Rubin predicts that the means to dealing with this will involve things like job-sharing and adjusting our expectations of a reasonable standard of living. To quote Rubin on this, “Perhaps it is better to learn to do with less than always wanting more.” He notes that we can’t keep pace with the physical demands that we are making of the world. While I agree that we want too much and that these would be superb ways of equalizing out resources, it seems highly unlikely that in the competitive and materialistic culture that we currently live in that people will willingly accept living on less in the interests of the whole.

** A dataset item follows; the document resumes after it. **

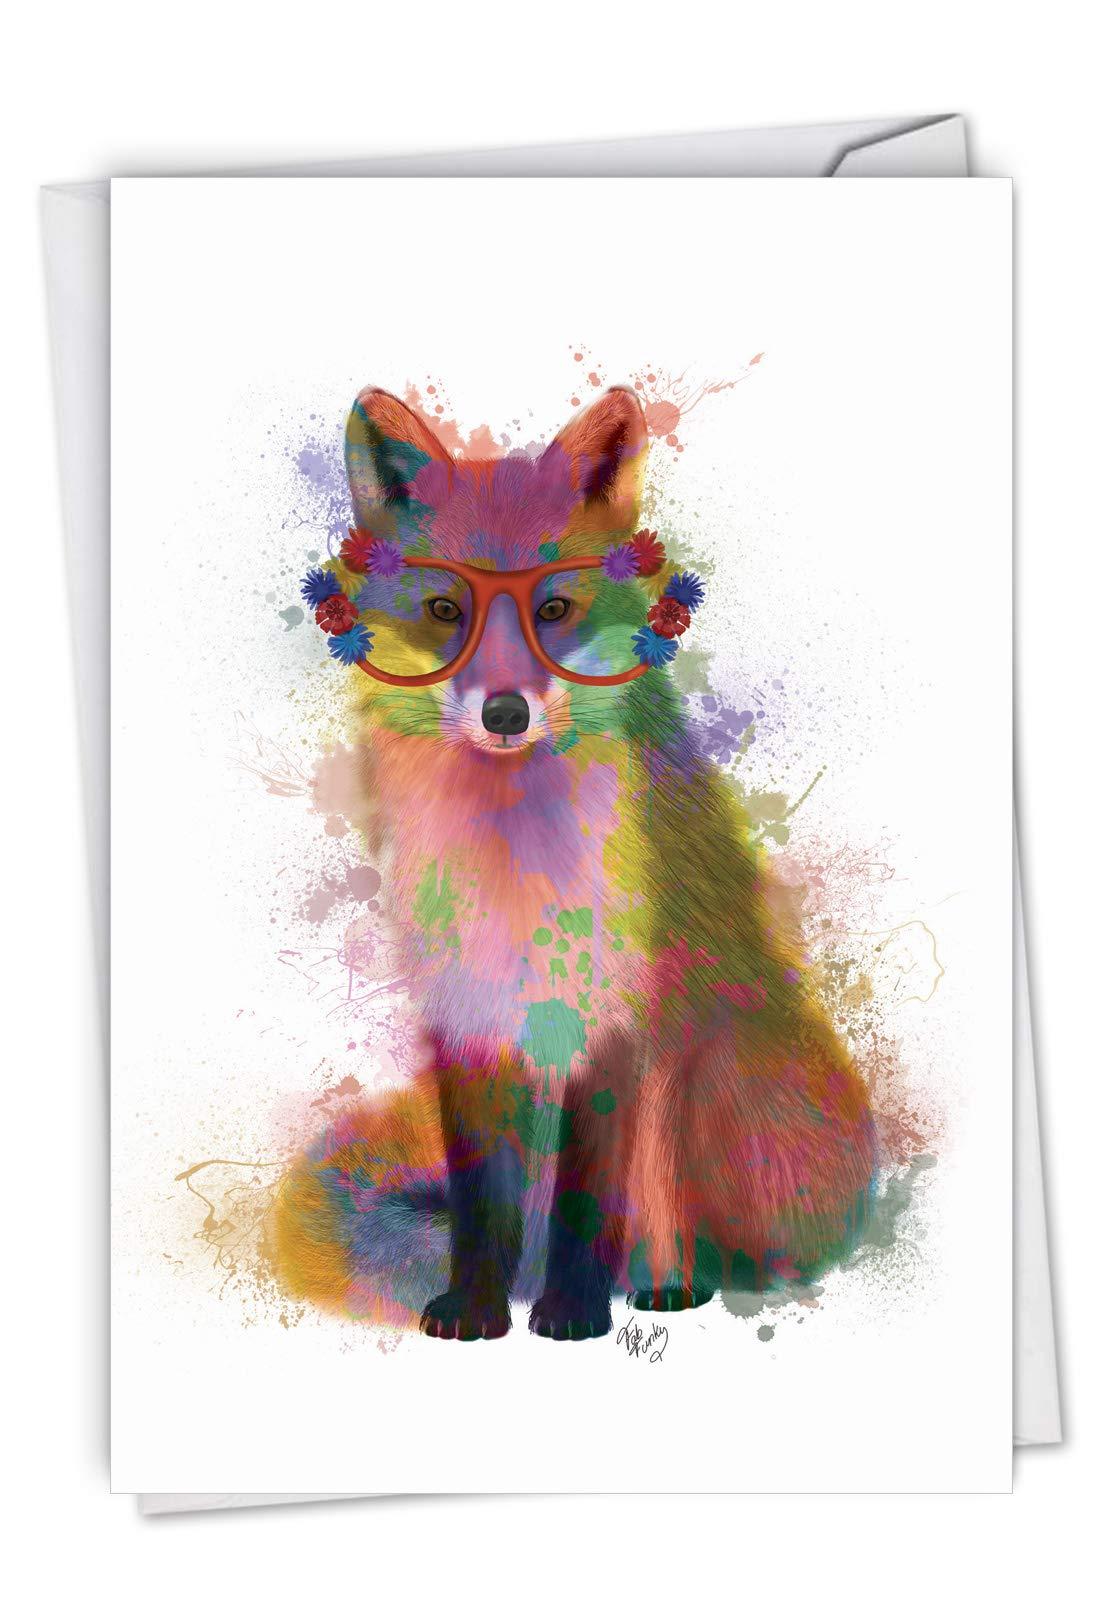 The Best Card Company, Funky Rainbow Wildlife Fox - Watercolor Birthday Card - Cute Animal Art for Kids C4948ABDG

Until this happens, Rubin predicts regular bubble and bust cycles, all related to oil poking the bubbles, which will be made worse by the lack of financial regulation; which he (correctly I believe) identifies as a major problem. When banks can gamble with people’s investments without fear, knowing they can pass losses off on their millions of customers - we all lose. Rubin is a promoter of more regulation and a return to the days when those managing investments must back them up with their own money. On this point, I whole-heartedly agree, but unfortunately, getting these rules changed will be an uphill battle given the power of the people who maintain them.
While Rubin predicts that prices will force this cycle to end because the people will rise up and demand change, I have my doubts. The government has already hit some legal blocks in their attempt to bring about some more regulation, and I would imagine that they will likely hit more in the future. He puts a lot of faith in prices, and while his arguments do have some merits, they may be an overly simplistic view of the economic picture. It would be interesting to hear him debate this point (and his others) with fellow economists.
An audience member raised the point that the majority of money in the economy is out of the hands of the majority of people, floating around in financial transactions and not being put to any real use. The audience member called for taxation of this money in order to spread the world’s resources around so that we all can survive and thrive in the world and perhaps if this was the case, then growth might still be possible. Her point was very well received by the crowd. Rubin appeared to be in agreement about getting that money out of the financial realm and into the hands of the people, but he failed to answer as to whether this would permit some growth.
A difference of philosophy between Rubin’s world-view and that of the mainstream, and especially certain other economists, emerges. Economics is founded on the premise of growth. The discipline strives to find ways to maximize this growth. But Rubin raises the ultimate question: how will we re-think economics when we remove the growth factor? Ultimately, only time will tell.